I´m delivering a Microsoft Fabric project for a customer and we had some great discussions about what strategy we should follow for workspaces. This blog post is those discussions boiled down to couple of pages 😊
When deciding on a workspace strategy for Microsoft Fabric there are several, often conflicting, things to consider.
One is ease of maintenance. The fewer workspace the easier it is to maintain and manage.
Other considerations are segregation of duties, isolation of workloads and security isolation. These call for many workspaces.
Where on the scale an organization ends, is dependent on what is important to the organization and what kind of balance they want to reach.
Things that impact number of workspaces:
- Number of environments (dev, test, pre-prod, prod etc.)
- Number of stages (extract, staging, dw, mart etc,)
- Isolation of workload resources from each other (Data Factory doesn´t use resources for Spark or wise versa)
- Security consideration (developers are not allowed to see production, those doing ingestion should not be able to modify Spark code etc.)
- Ways of working with DevOps (one branch per workspace limitation in Fabric)
What are the outer number of workspaces?
It´s possible to have everything in one workspace but realistically you will always end with at least one workspace per environment (dev, test, prod) or at a minimum one for prod and one for rest.
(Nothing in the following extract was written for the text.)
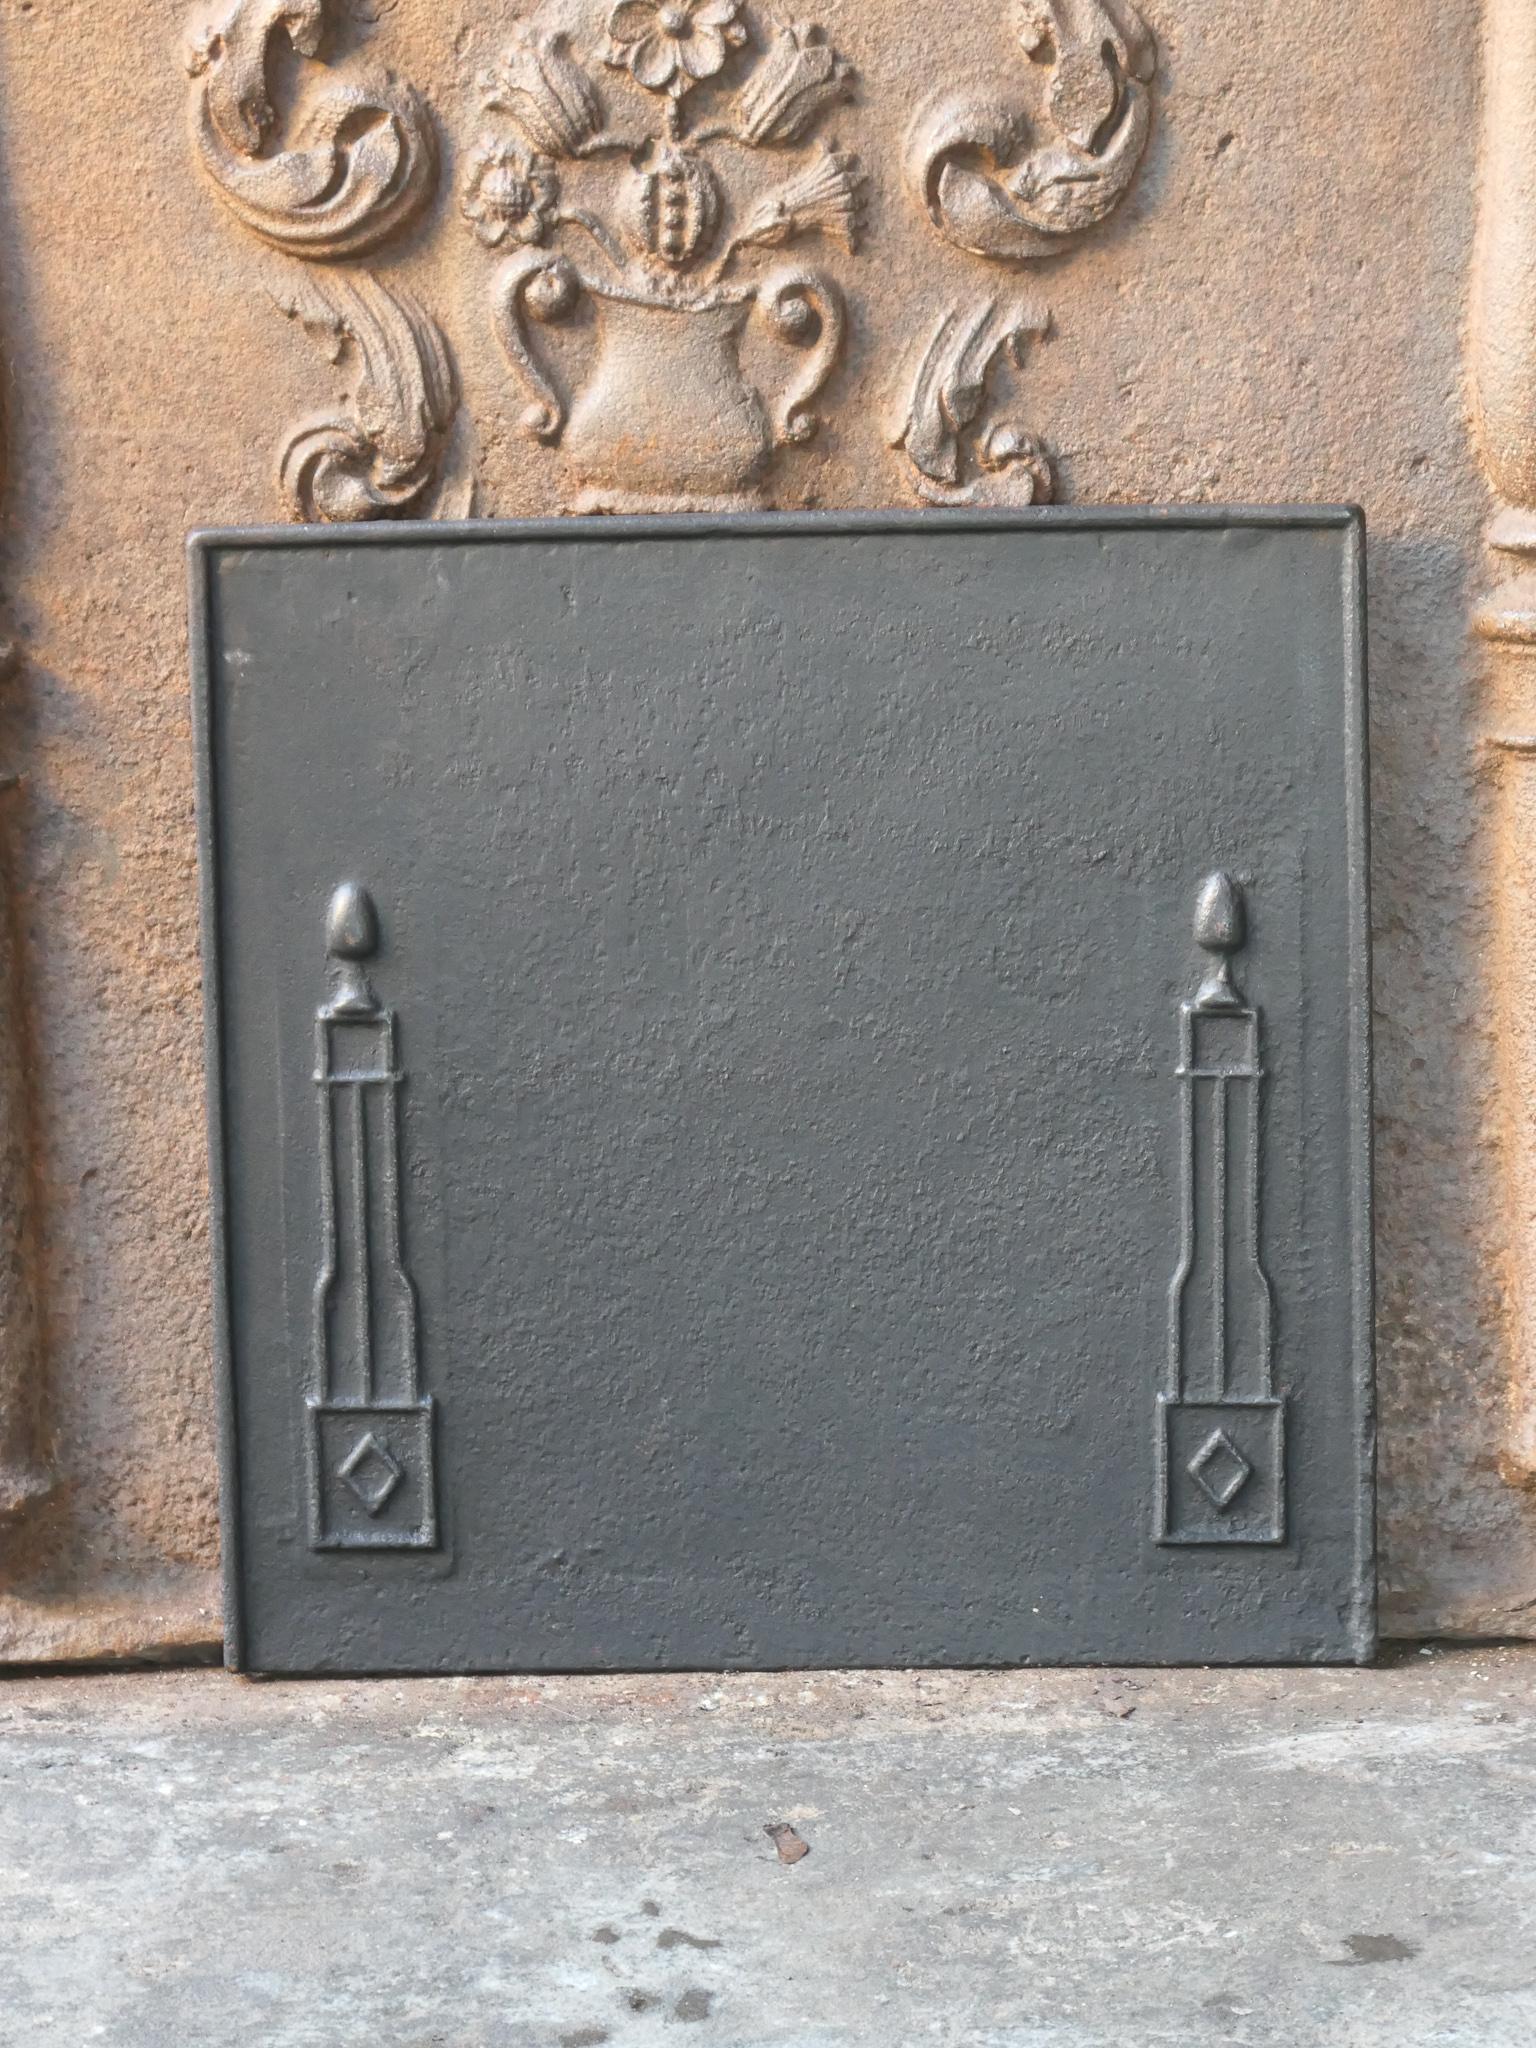 18th - 19th Century French neoclassical fireback with two pillars of freedom. The pillars symbolize the value liberty, one of the three values of the French revolution. 

The fireback is made of cast iron and has a black / pewter patina. It is in

So, the minimum number of workspaces is 2-3.
At the other end of the scale, each workload will have one workspace per environment and each feature will have one workspace. If we imagine that we use Data Factory to ingest data into extract lakehouse, then we use Spark to clean and transform the data into staging lakehouse, then we use Spark to load the data into DW lakehouse, then we build a Power BI semantic model and finally reports on top of that. We then have 3 workspaces for each workload (assuming dev, test and prod). 3 for Data Factory, 3 for the extract lakehouse, 3 for the staging lakehouses, 3 for the dw lakehouses, 3 for the semantic models and 3 for reports. This gives us 15 workspaces. Add to that one workspace per developer for each of the workspaces if you decide to branch the workspace during development. These branch workspaces are temporary while the development happens and are most likely only accessed by the individual developer.
Other things to consider
How your team is compromised will be a deciding factor in what strategy you decide on. If you have a small team of developers which are developing the whole pipeline from ingestion to transformation to semantic models you can use fewer workspace than if you have dedicated developers for each workload. It´s also about trust. If you trust your developers not to mess with each other’s code, you can have fewer workspaces. If you feel you need to isolate workloads from each other, you will need more workspaces.
Therefore, there is no one rule for how many workspaces you should have. In my opinion you should be pragmatic about it and try to weigh the need for workload isolation and strict CI/CD protocols against ease of maintenance and development.
Impact of CI/CD on workspace stragegy
If you decide to use CI/CD for your Fabric development, you need to decide how your developers are going to work. You can only have one branch per workspace. This means that if you have more than one feature you want to work on, you need to decide if you work on all of them in one branch (workspace) or if you want to have one branch (workspace) per feature.
My recommendation is to have one branch (workspace) per feature and then when the feature is complete you merge that into the main branch which is connected to your development workspace. It´s important that you clean up the feature workspaces so you don´t end up with hundreds of dormant workspaces with the code in different stages.
At the moment the only way to deploy is via Fabric Deployment Pipelines. Therefore, this is the recommended way to deploy. If and when there are APIs for deployment of Fabric items, you can consider building your own deployment pipeline.
Where did we end with this particular customer?
We decided to go with one workspace per stage per environment. 3 environments (dev, test and prod) and 3 stages (extract, staging, dw) in the Lakehouse. Semantic models will have one workspace per environment. Reports were kept out of the scope as they are not developed frequently by the central team. We therefore will end with 12 workspaces plus workspace per feature while it´s being developed.